-- TASK REQUIREMENTS --
Please reproduce the entries in full. Keep every character the same.

-- DATA FOR PROCESSING --
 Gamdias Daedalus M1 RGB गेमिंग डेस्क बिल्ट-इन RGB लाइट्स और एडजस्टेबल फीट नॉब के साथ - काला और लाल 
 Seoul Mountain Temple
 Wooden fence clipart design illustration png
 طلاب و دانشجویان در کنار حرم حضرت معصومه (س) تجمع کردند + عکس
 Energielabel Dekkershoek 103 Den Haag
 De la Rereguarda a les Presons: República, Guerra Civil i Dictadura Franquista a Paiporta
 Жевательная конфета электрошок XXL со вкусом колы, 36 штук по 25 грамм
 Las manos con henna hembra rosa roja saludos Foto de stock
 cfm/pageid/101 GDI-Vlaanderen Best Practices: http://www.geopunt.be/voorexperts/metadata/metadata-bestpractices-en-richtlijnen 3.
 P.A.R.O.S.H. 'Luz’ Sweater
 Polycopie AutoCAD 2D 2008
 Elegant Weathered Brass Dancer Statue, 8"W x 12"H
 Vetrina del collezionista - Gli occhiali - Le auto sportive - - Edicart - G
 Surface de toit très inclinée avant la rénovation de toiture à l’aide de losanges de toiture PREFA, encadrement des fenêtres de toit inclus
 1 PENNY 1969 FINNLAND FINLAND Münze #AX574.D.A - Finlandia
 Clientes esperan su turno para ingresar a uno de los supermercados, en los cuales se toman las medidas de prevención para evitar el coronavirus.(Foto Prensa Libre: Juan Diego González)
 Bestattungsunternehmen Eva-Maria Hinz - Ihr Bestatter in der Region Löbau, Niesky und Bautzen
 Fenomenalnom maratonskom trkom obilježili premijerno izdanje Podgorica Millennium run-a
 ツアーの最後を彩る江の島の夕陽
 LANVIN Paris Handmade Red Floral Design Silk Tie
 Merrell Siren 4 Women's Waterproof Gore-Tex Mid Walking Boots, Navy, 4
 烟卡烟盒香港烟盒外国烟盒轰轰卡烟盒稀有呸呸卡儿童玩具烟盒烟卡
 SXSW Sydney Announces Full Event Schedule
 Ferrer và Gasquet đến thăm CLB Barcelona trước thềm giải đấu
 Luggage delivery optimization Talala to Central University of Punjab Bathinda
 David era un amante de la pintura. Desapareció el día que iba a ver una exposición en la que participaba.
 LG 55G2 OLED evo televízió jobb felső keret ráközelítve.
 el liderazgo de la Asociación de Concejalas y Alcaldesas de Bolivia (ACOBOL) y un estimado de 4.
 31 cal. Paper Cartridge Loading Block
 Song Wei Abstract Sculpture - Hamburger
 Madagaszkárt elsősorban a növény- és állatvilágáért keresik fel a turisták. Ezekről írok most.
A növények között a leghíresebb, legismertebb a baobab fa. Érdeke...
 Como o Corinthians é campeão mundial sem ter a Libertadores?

-- FINAL ANSWER --
 Gamdias Daedalus M1 RGB गेमिंग डेस्क बिल्ट-इन RGB लाइट्स और एडजस्टेबल फीट नॉब के साथ - काला और लाल 
 Seoul Mountain Temple
 Wooden fence clipart design illustration png
 طلاب و دانشجویان در کنار حرم حضرت معصومه (س) تجمع کردند + عکس
 Energielabel Dekkershoek 103 Den Haag
 De la Rereguarda a les Presons: República, Guerra Civil i Dictadura Franquista a Paiporta
 Жевательная конфета электрошок XXL со вкусом колы, 36 штук по 25 грамм
 Las manos con henna hembra rosa roja saludos Foto de stock
 cfm/pageid/101 GDI-Vlaanderen Best Practices: http://www.geopunt.be/voorexperts/metadata/metadata-bestpractices-en-richtlijnen 3.
 P.A.R.O.S.H. 'Luz’ Sweater
 Polycopie AutoCAD 2D 2008
 Elegant Weathered Brass Dancer Statue, 8"W x 12"H
 Vetrina del collezionista - Gli occhiali - Le auto sportive - - Edicart - G
 Surface de toit très inclinée avant la rénovation de toiture à l’aide de losanges de toiture PREFA, encadrement des fenêtres de toit inclus
 1 PENNY 1969 FINNLAND FINLAND Münze #AX574.D.A - Finlandia
 Clientes esperan su turno para ingresar a uno de los supermercados, en los cuales se toman las medidas de prevención para evitar el coronavirus.(Foto Prensa Libre: Juan Diego González)
 Bestattungsunternehmen Eva-Maria Hinz - Ihr Bestatter in der Region Löbau, Niesky und Bautzen
 Fenomenalnom maratonskom trkom obilježili premijerno izdanje Podgorica Millennium run-a
 ツアーの最後を彩る江の島の夕陽
 LANVIN Paris Handmade Red Floral Design Silk Tie
 Merrell Siren 4 Women's Waterproof Gore-Tex Mid Walking Boots, Navy, 4
 烟卡烟盒香港烟盒外国烟盒轰轰卡烟盒稀有呸呸卡儿童玩具烟盒烟卡
 SXSW Sydney Announces Full Event Schedule
 Ferrer và Gasquet đến thăm CLB Barcelona trước thềm giải đấu
 Luggage delivery optimization Talala to Central University of Punjab Bathinda
 David era un amante de la pintura. Desapareció el día que iba a ver una exposición en la que participaba.
 LG 55G2 OLED evo televízió jobb felső keret ráközelítve.
 el liderazgo de la Asociación de Concejalas y Alcaldesas de Bolivia (ACOBOL) y un estimado de 4.
 31 cal. Paper Cartridge Loading Block
 Song Wei Abstract Sculpture - Hamburger
 Madagaszkárt elsősorban a növény- és állatvilágáért keresik fel a turisták. Ezekről írok most.
A növények között a leghíresebb, legismertebb a baobab fa. Érdeke...
 Como o Corinthians é campeão mundial sem ter a Libertadores?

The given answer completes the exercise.